▶ What the task requires
Give again only the lines from the line that holds "part of diptych" to the end of the data, inclusive, omitting all pictures.

▶ Given information
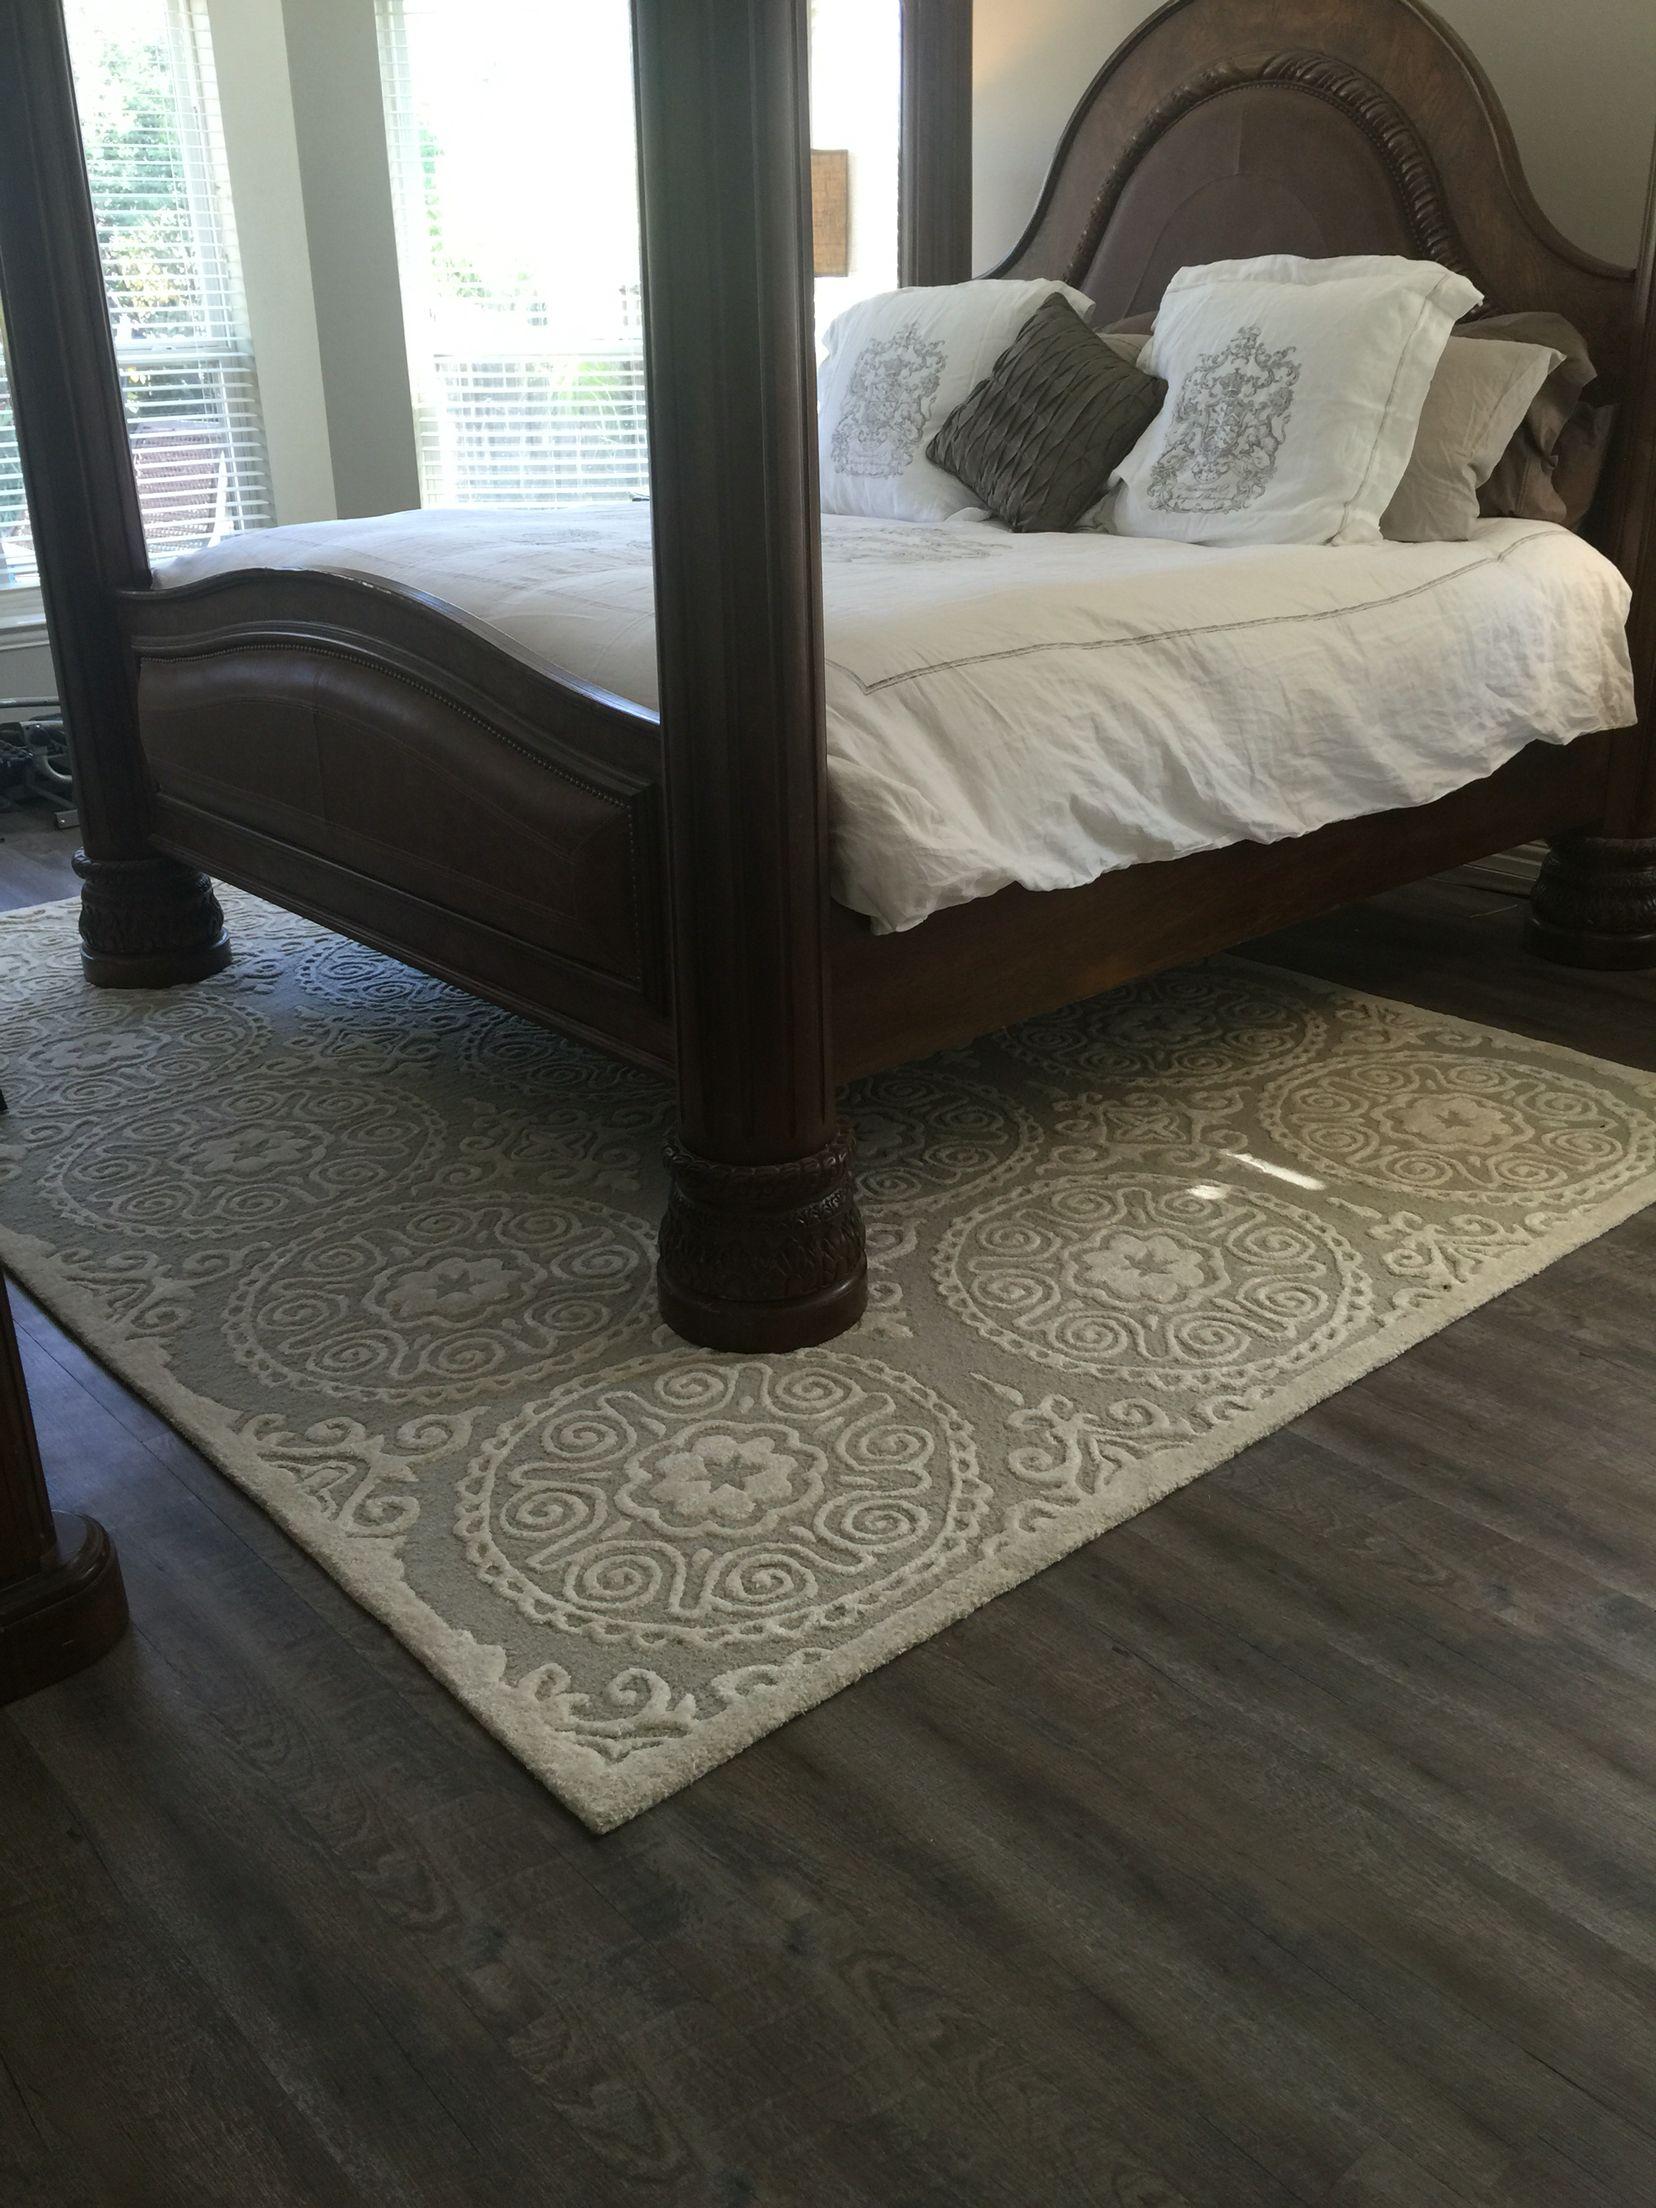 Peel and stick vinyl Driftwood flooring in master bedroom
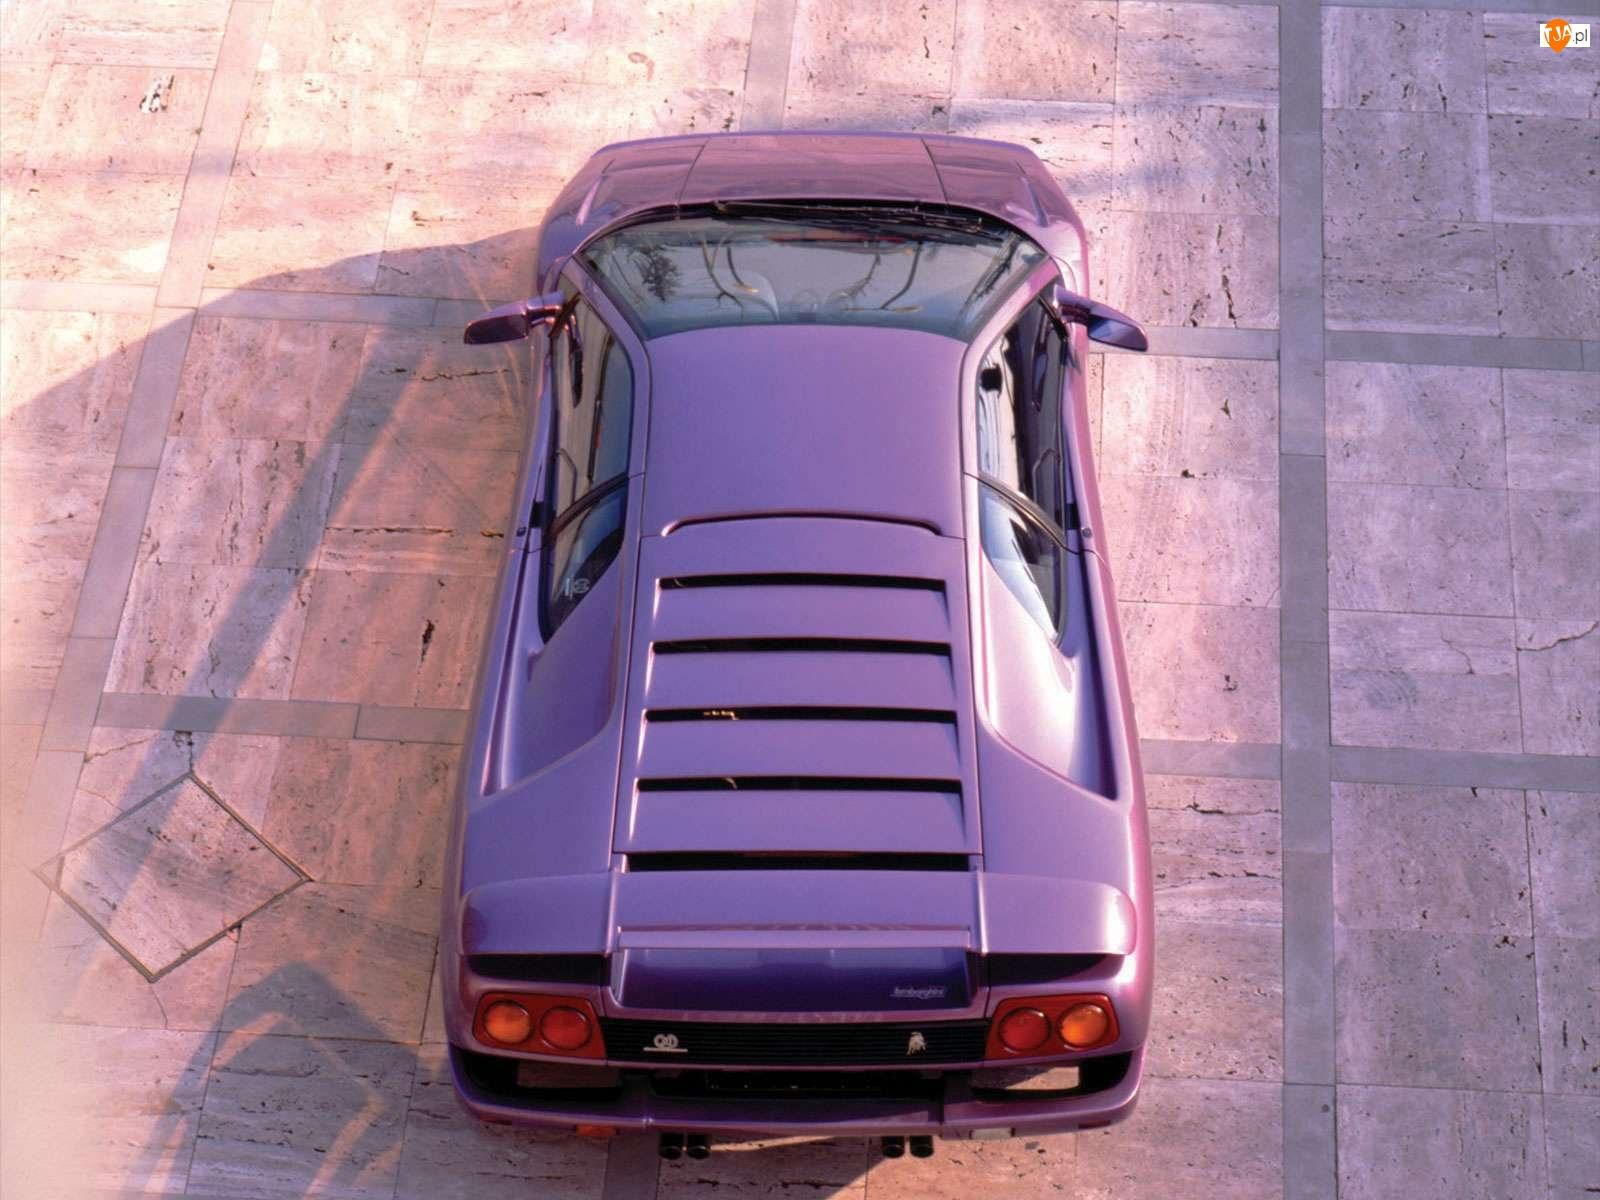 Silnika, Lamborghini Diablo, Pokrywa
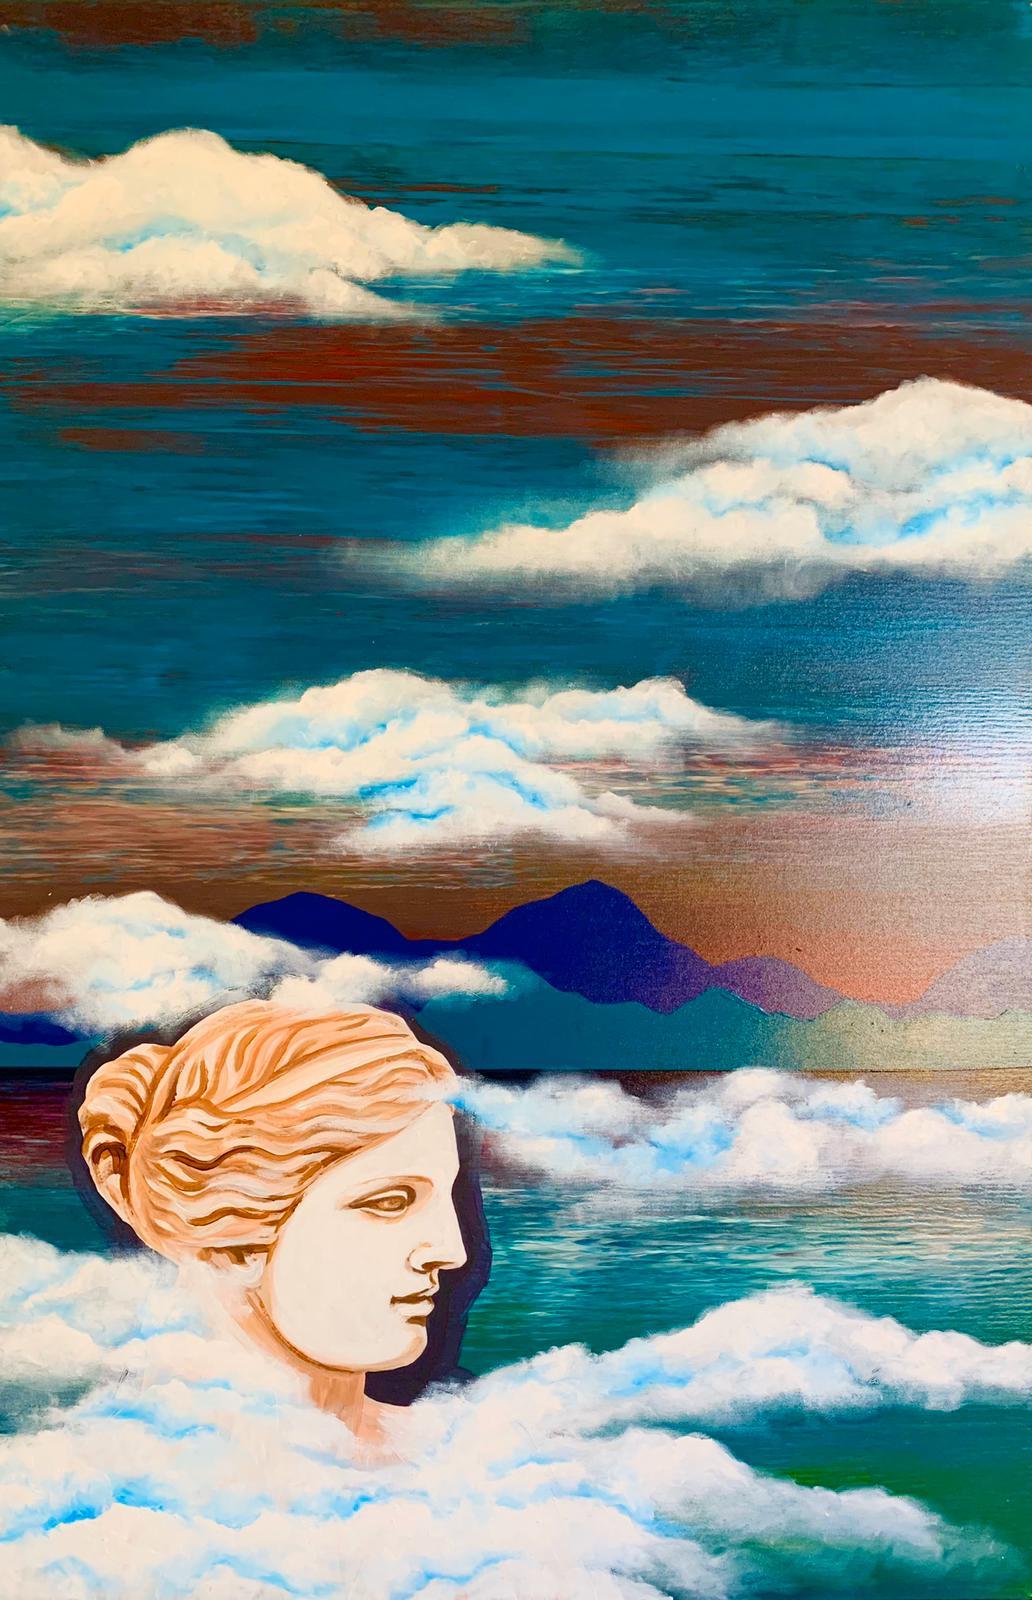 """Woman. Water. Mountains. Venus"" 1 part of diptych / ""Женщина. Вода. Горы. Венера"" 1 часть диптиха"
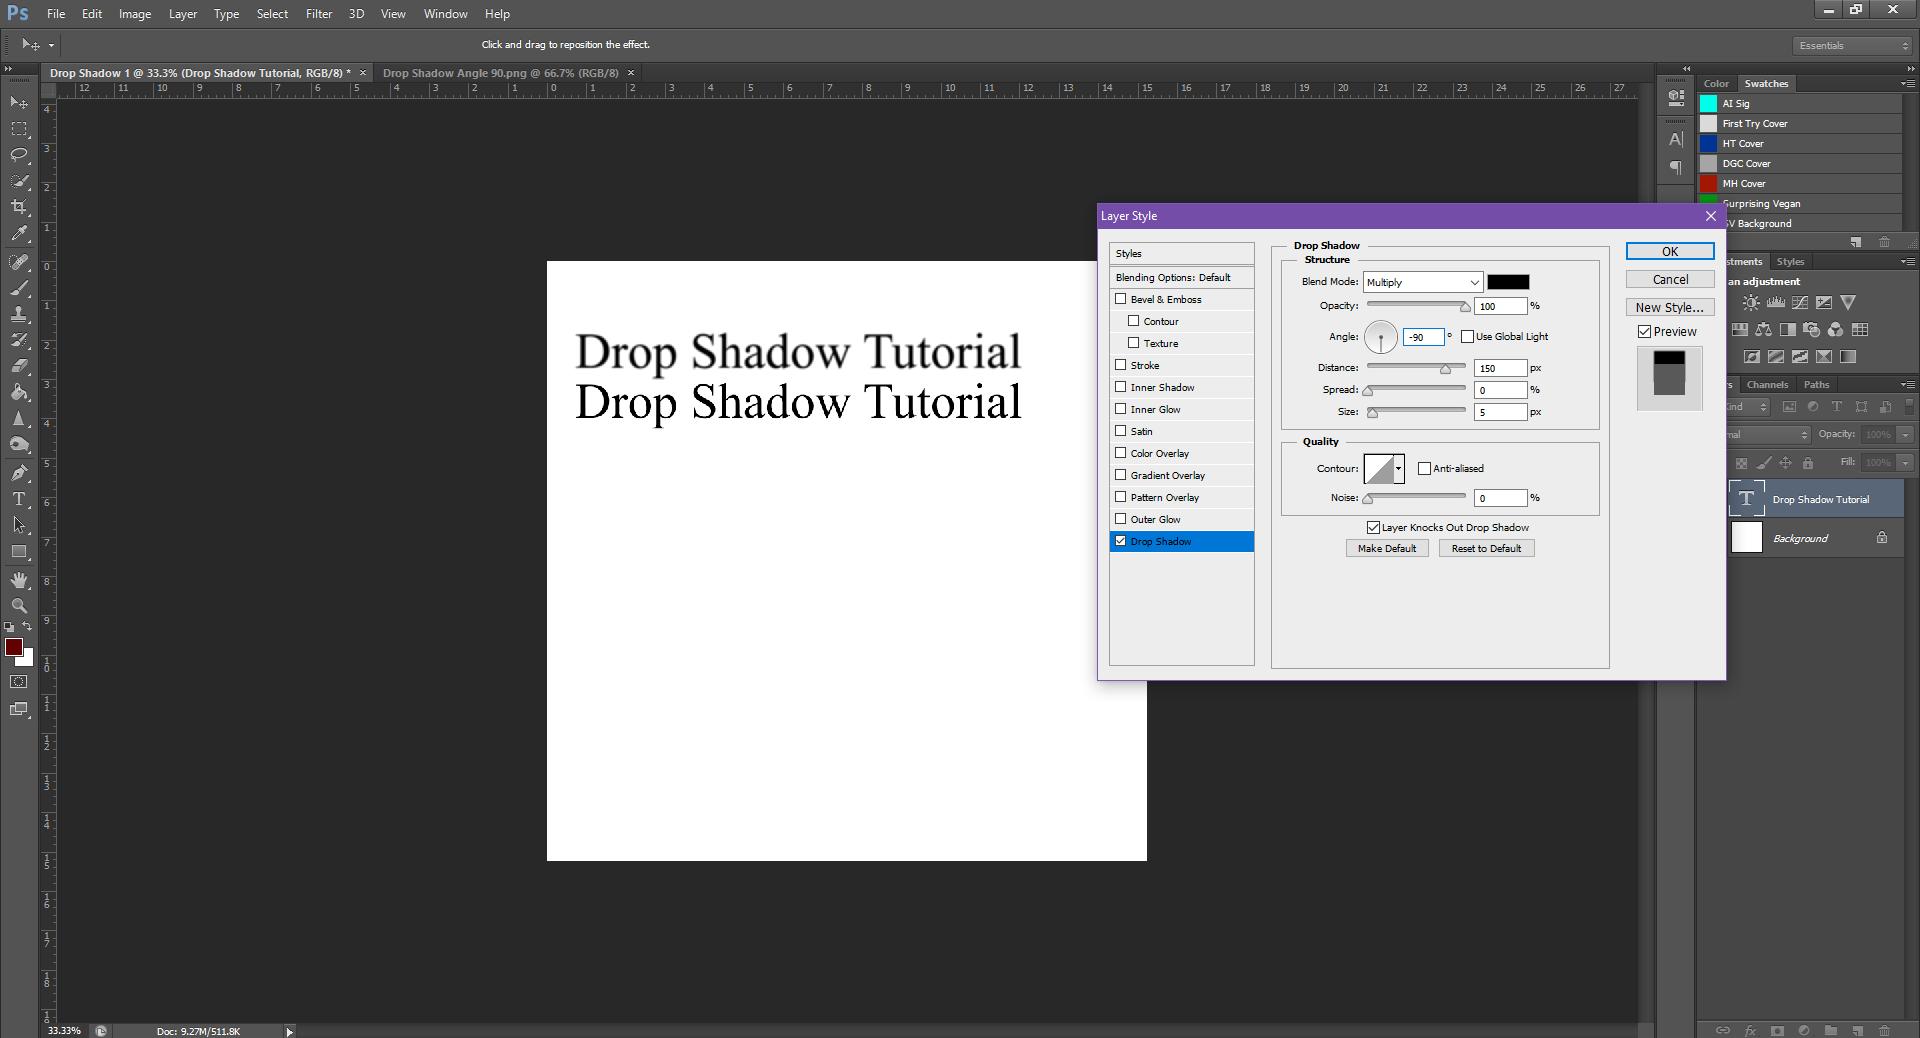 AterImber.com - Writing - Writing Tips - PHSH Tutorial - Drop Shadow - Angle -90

▶ Solution to this task
 """Woman. Water. Mountains. Venus"" 1 part of diptych / ""Женщина. Вода. Горы. Венера"" 1 часть диптиха"
 AterImber.com - Writing - Writing Tips - PHSH Tutorial - Drop Shadow - Angle -90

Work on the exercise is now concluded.